───── Data for review

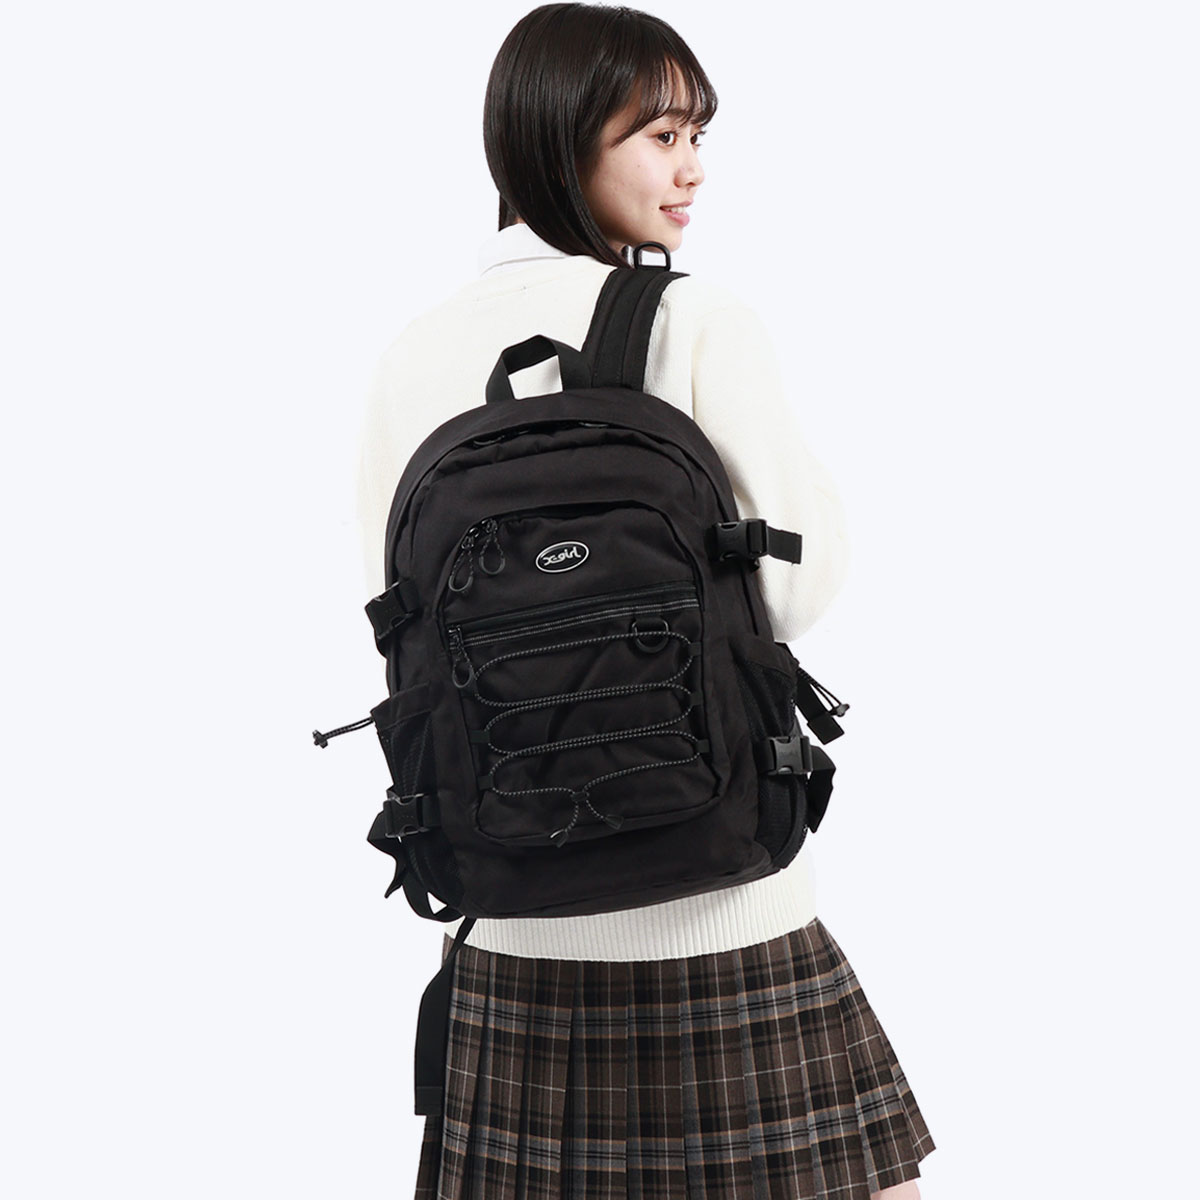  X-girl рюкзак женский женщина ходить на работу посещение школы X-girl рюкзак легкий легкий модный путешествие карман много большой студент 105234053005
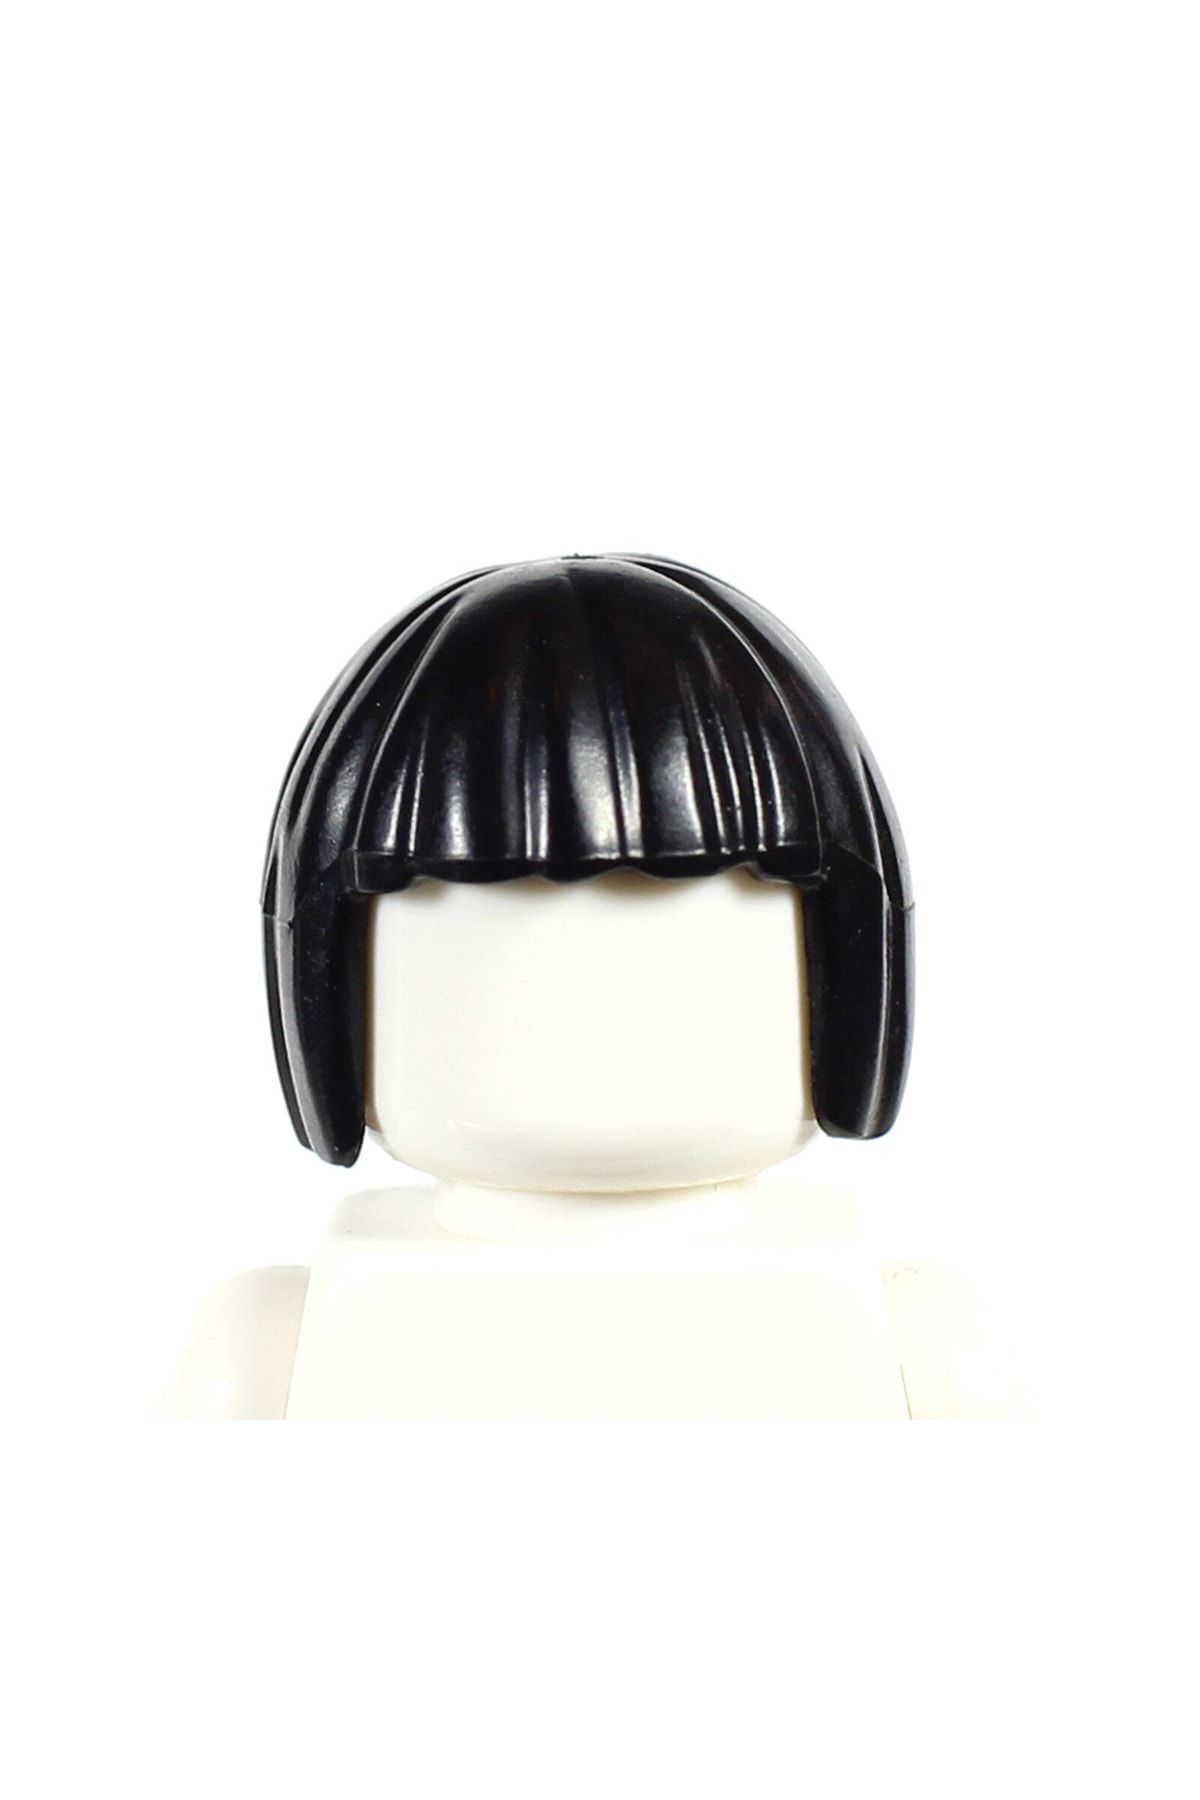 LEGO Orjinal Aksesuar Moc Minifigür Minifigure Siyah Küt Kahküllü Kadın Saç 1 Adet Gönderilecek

──────────
───── Data for review

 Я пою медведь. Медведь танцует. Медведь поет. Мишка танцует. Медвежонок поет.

──────────
───── Data for review

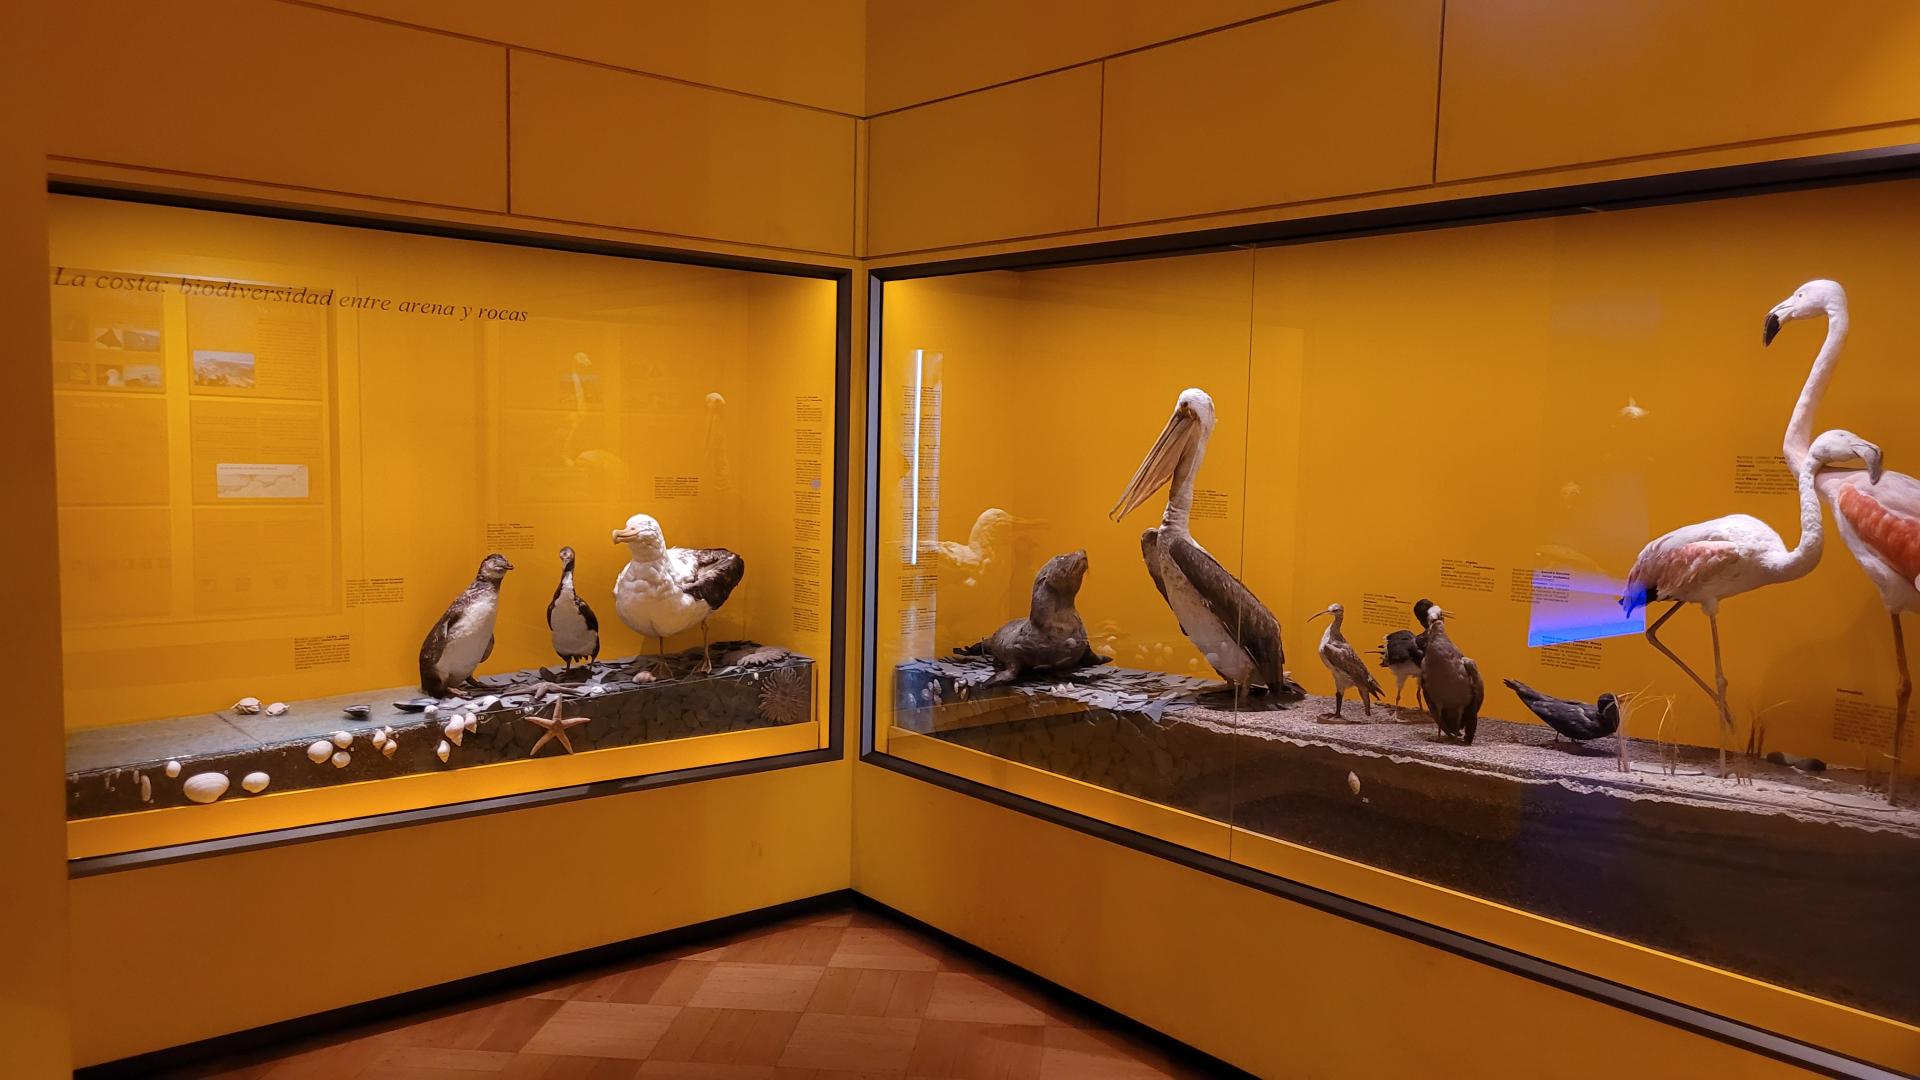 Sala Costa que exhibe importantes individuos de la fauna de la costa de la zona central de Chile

──────────

Although the records hold pictures, the copy must not; give again exactly the lines from the one with "X-girl рюкзак женский" through the one with "LEGO Orjinal Aksesuar".

> **Task result**:
  X-girl рюкзак женский женщина ходить на работу посещение школы X-girl рюкзак легкий легкий модный путешествие карман много большой студент 105234053005
 LEGO Orjinal Aksesuar Moc Minifigür Minifigure Siyah Küt Kahküllü Kadın Saç 1 Adet Gönderilecek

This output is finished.